The following text has been taken from the international journal New Scientist (8 January 1994: 3) and illustrates the

writer's use of phraseological units.

(5) How to give science a bad name A 59-year-old British business woman gives birth to twins on Christmas Day

following a fertility treatment in an Italian clinic. A 37-year-old black woman undergoing fertility treatment in

Rome opts for a white baby, allegedly to spare her child from racism. Are we on the brink of a brave new world

of 'designer babies' and 'unnatural' post-menopausal mothers?

The alarmist responses of many doctors and politicians wrongly suggest we might be. Last week European

newspapers were rife with lurid references to 'Pandora's box' and Frankenstein-style biologists playing God with

motherhood... Swap these ages around to produce a 59

year-old father and what was previously a hot news story becomes a dead donkey.

The heading itself contains a phraseological unit which has the stylistic connotation 'colloquial', 'not formal' (to give

someone/something a bad name is defined in the Longman Dictionary of English Idioms (LDEI) (1979) as: 'to harm the

reputation of (a person or thing) with which one is connected because of one's bad character, behaviour, appearance,

etc.'). The given heading has a stronger appeal than its non-idiomatic wording -- e.g. 'How to disparage scientific

advancement'.

The phrase brave new world has become a catchphrase and designates-according to the Oxford Dictionary of English

Idioms (ODEI) (1983) -- 'a new era brought about by revolutionary changes, reforms, etc.'. It has negative expressive

connotations derived from the utopian novel by Aldous Huxley, Brave New World. In terms of intertextuality, the book's

title is an allusion to Miranda's words in Shakespeare's The Tempest. In the present article, the phrase rouses a whole

complex of associations and has more expressive power than its possible nonidiomatic substitute an alarming/threatening

future.

The phrase Pandora's box is an allusion to antiquity, the Greek cultural heritage, and has literary connotations. It is absent

from idiomatic dictionaries, but the Concise Oxford Dictionary (COD) (1995) gives the following explanation: 'the box

from which the ills of mankind were released by Pandora, the first mortal woman, only Hope remaining'. Here again, we

could replace the figurative phrase by a stylistically neutral expression -- e.g. the root of all evil, the consequences of

biological manipulation, and the expressive value of the sentence would be considerably weakened. Moreover, the allusion

to Frankenstein, the humanoid, blood-sucking monster-figure, would be isolated from the previously mentioned

mythological context, and the whole sentence structure would be unbalanced. The phrases hot news and dead donkey are

reminiscent of journalist jargon, the latter usually meaning a human-interest story.

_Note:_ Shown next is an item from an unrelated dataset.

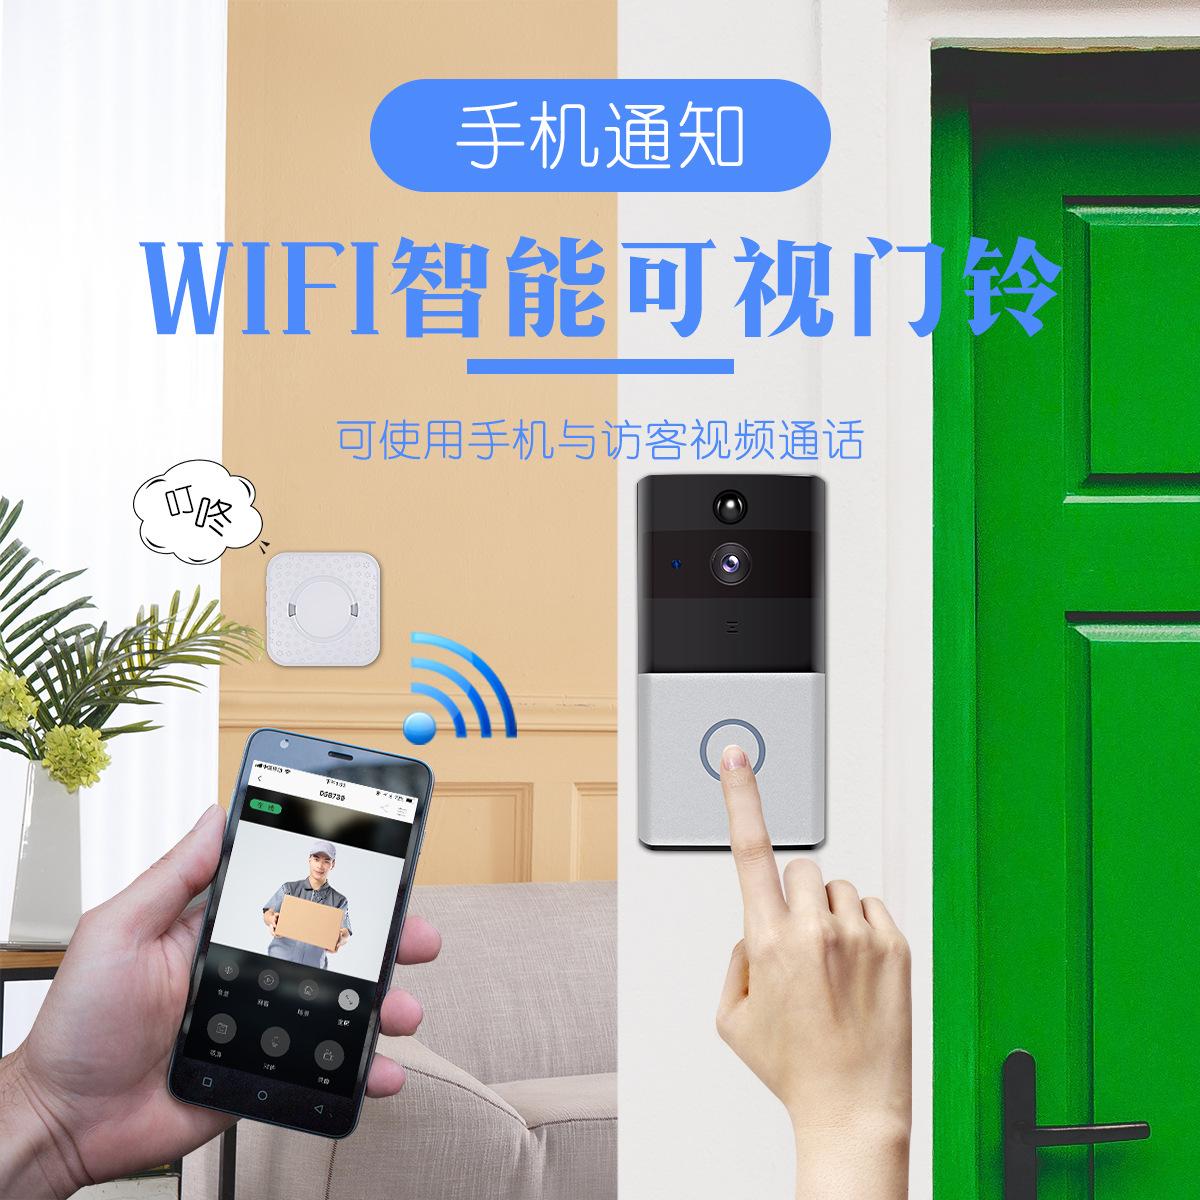 智能报警家用WiFi可视门铃无线手机远程监控视频对讲防盗门铃

Another example comes from a popular scientific article in The New Scientist (20 March 1993: 31) which deals with laser

beams and their application in medicine:

(6) The Achilles heel of the X-ray laser turned out to lie in how tightly the beam can be focused. Chemical,

free-electron and most other lasers, the light is forced to travel back and forth between a pair of mirrors so that

it is amplified and forms a tightly directed beam.

The idiomatic phrase Achilles heel, another allusion to ancient history and Greek antiquity, has literary connotations, and is

suitable in the

present context. It could be substituted by a wordy circumlocution like the weak point (or problematic nature) of the X-ray

laser. The alternative, however, is less pithy, and the loss of stylistic expressiveness can be felt.